合并HDF5文件以加快数据读取速度
合并HDF5文件以加快数据读取速度
提问于 2022-06-18 09:05:35
我有600个hdf5文件(总计720 to )来自一个大型N体模拟,我需要分析它们。目前,我正在使用python顺序阅读它们,但是,这需要很长时间(~60小时)。问题是,这些文件很小,只有1.2GB文件,而打开和关闭文件的时间已经很长了。下面是我正在使用的代码的python版本:
import numpy as np
import h5py as hp5
#path to files
path = "TNG300-1/FullPhysics/Snapshots/snap_099."

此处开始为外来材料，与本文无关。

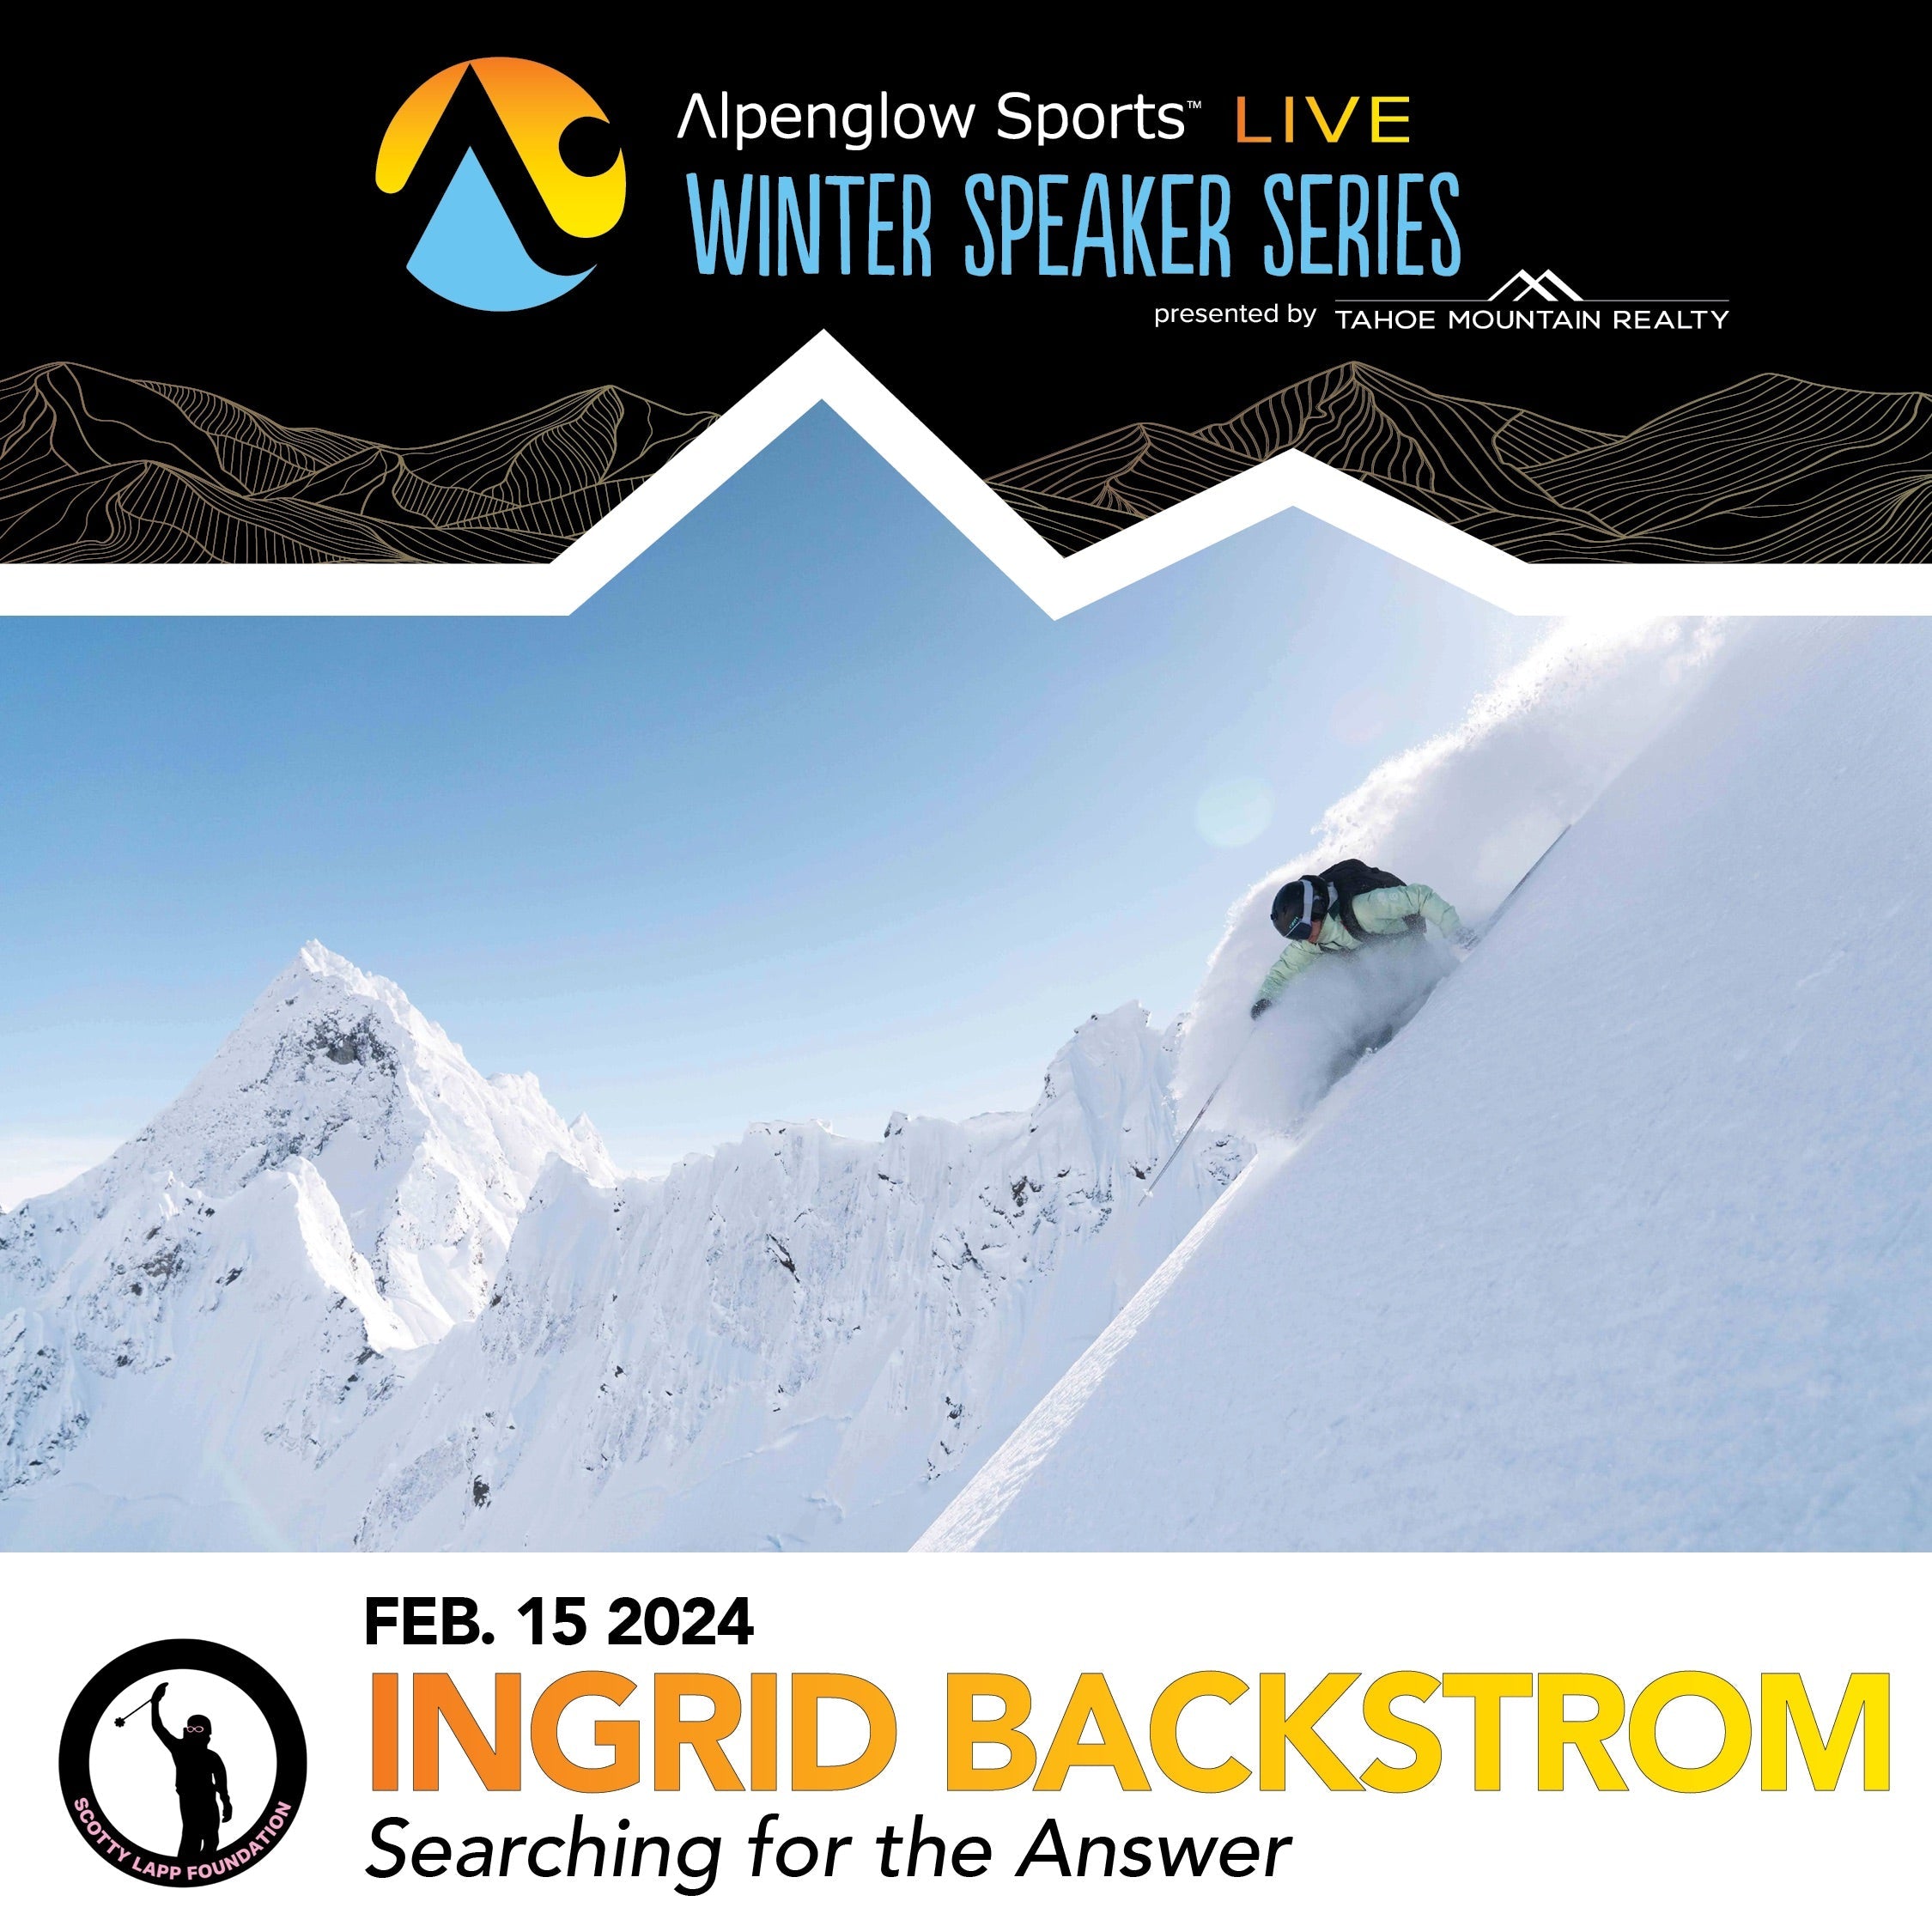 Ingrid Backstorm skis powder

dark_path = "TNG300-1/Dark/Snapshots/snap_099."
# number of snapshots
n_snaps = 600
n_dark_snaps = 75
# ====================================================================================
# defining arrays for saving data
data = np.array([[0,0,0]],dtype=np.float32)
g_data = np.array([[0,0,0]],dtype=np.float32)
g_mass = np.array([0],dtype=np.float32)
S_data = np.array([[0,0,0]], dtype=np.float32)
S_mass = np.array([0], dtype=np.float32)
BH_data = np.array([[0,0,0]], dtype=np.float32)
BH_mass = np.array([0], dtype=np.float32)
OSError_count = 0
OSError_idx = []
#reading data from TNG300-1 simulation
for i in tqdm(range(0,n_snaps), "Reading file:"):
try:
fileName = path + str(i) + ".hdf5"
f = hp5.File(fileName, 'r')
# reading DM data
data = np.concatenate((data, f['PartType1/Coordinates'][:]), axis=0)
# reading Gas data
g_data = np.concatenate((g_data, f['PartType0/Coordinates'][:]), axis=0)
g_mass = np.concatenate((g_mass, f['PartType0/Masses'][:]), axis=0)
# reading Star data
S_data = np.concatenate((S_data, f['PartType4/Coordinates'][:]), axis=0)
S_mass = np.concatenate((S_mass, f['PartType4/Masses'][:]), axis=0)
# Reading Blackhole's data
BH_data = np.concatenate((BH_data, f['PartType5/Coordinates'][:]), axis=0)
BH_mass = np.concatenate((BH_mass, f['PartType5/BH_Mass'][:]), axis=0)
f.close()
except OSError:
OSError_count += 1
OSError_idx.append(i)Julia在读取大数据方面比python更快,所以我想先合并文件,然后再读取它们。HDF5文件的结构如下:HDF5文件结构
我需要合并这些部件: PartType0,1,4,5。作为测试运行,我加载了两个文件并试图合并它们:
using HDF5
f1 = h5read("snap_099.0.hdf5", "/PartType0")
f2 = h5read("snap_099.1.hdf5", "/PartType0")
f = cat(f1,f2, dims=1)它不是将其保存为包含两个文件中的数据的字典,而是将其存储为一个数组,数组的元素是字典。我试着将轴更改为dims=2,但仍然没有运气。这是输出:
julia> f1 = h5read("snap_099.0.hdf5", "/PartType0")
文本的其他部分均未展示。